WHAT IS NEEDED> Once you find a line containing the word "hands" in the entries below, copy it.

SUPPLIED INFORMATION>
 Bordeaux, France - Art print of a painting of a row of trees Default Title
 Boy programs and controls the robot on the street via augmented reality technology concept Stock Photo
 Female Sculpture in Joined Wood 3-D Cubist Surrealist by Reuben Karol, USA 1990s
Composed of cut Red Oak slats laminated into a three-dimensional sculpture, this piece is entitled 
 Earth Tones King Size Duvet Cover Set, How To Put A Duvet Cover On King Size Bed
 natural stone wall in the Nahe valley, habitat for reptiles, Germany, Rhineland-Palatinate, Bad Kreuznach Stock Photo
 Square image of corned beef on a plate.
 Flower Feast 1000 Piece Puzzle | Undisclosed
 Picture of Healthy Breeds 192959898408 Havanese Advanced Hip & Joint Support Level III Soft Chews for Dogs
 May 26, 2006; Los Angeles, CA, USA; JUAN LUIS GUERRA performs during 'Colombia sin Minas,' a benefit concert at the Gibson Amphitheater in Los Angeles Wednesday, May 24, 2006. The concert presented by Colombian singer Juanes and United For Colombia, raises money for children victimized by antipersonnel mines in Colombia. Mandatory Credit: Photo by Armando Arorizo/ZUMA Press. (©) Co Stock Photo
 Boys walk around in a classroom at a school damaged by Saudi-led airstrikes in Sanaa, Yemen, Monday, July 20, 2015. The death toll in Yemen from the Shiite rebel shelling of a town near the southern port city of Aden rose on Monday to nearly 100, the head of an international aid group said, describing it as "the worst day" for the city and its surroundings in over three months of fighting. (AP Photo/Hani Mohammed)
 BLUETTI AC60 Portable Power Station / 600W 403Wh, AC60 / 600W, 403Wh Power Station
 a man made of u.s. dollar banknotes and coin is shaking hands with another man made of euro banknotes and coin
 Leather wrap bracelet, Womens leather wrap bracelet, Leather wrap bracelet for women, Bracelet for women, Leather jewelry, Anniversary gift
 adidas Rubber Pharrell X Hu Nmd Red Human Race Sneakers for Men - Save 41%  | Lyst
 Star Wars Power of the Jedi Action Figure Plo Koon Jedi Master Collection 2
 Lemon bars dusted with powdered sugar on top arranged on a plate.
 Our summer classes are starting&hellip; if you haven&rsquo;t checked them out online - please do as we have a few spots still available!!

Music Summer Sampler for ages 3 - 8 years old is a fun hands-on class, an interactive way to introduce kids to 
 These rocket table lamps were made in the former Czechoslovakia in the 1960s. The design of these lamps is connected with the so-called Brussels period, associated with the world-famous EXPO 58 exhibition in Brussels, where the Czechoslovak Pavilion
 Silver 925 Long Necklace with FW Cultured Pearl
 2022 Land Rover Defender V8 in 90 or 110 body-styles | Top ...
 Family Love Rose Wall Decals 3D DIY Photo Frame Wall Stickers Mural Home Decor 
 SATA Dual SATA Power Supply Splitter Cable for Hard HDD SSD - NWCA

ANSWER FOR THE TASK>
 a man made of u.s. dollar banknotes and coin is shaking hands with another man made of euro banknotes and coin
Music Summer Sampler for ages 3 - 8 years old is a fun hands-on class, an interactive way to introduce kids to 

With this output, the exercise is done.